The Gap on GAP: Tackling the Problem of Differing Data Distributions in
Bias-Measuring Datasets
- URL: http://arxiv.org/abs/2011.01837v3
- Date: Tue, 15 Dec 2020 16:36:39 GMT
- Title: The Gap on GAP: Tackling the Problem of Differing Data Distributions in
Bias-Measuring Datasets
- Authors: Vid Kocijan, Oana-Maria Camburu, Thomas Lukasiewicz
- Abstract summary: Diagnostic datasets that can detect biased models are an important prerequisite for bias reduction within natural language processing.
undesired patterns in the collected data can make such tests incorrect.
We introduce a theoretically grounded method for weighting test samples to cope with such patterns in the test data.

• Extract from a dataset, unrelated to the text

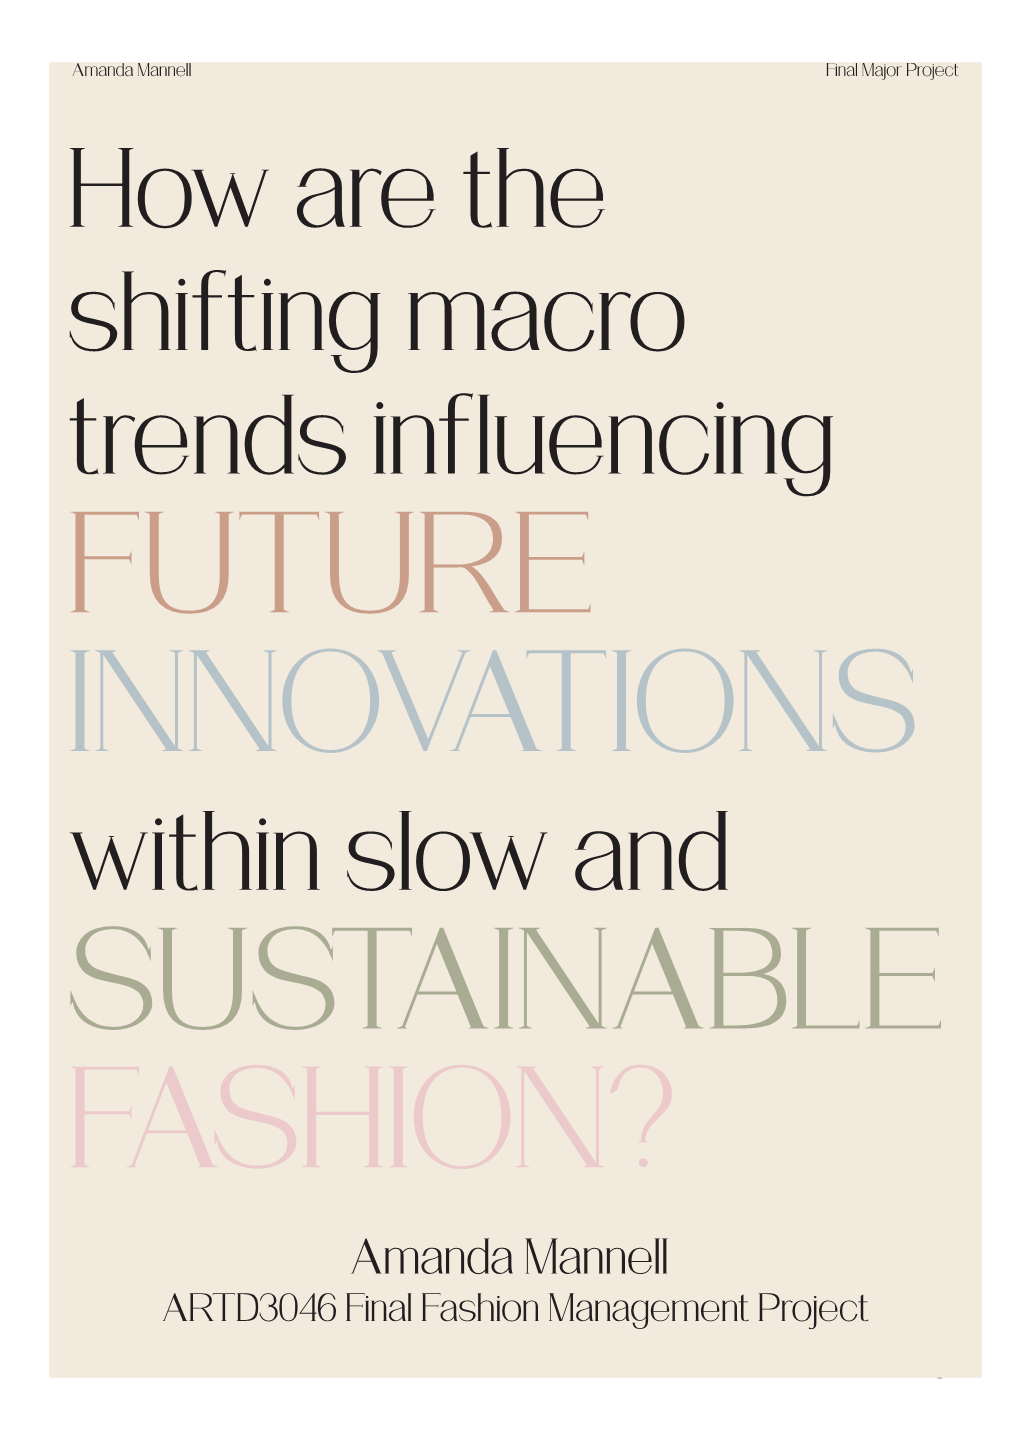 How Are the Shifting Macro Trends Influencing Within Slow

- Score: 58.53269361115974
- License: http://arxiv.org/licenses/nonexclusive-distrib/1.0/
- Abstract: Diagnostic datasets that can detect biased models are an important
prerequisite for bias reduction within natural language processing. However,
undesired patterns in the collected data can make such tests incorrect. For
example, if the feminine subset of a gender-bias-measuring coreference
resolution dataset contains sentences with a longer average distance between
the pronoun and the correct candidate, an RNN-based model may perform worse on
this subset due to long-term dependencies. In this work, we introduce a
theoretically grounded method for weighting test samples to cope with such
patterns in the test data. We demonstrate the method on the GAP dataset for
coreference resolution. We annotate GAP with spans of all personal names and
show that examples in the female subset contain more personal names and a
longer distance between pronouns and their referents, potentially affecting the
bias score in an undesired way. Using our weighting method, we find the set of
weights on the test instances that should be used for coping with these
correlations, and we re-evaluate 16 recently released coreference models.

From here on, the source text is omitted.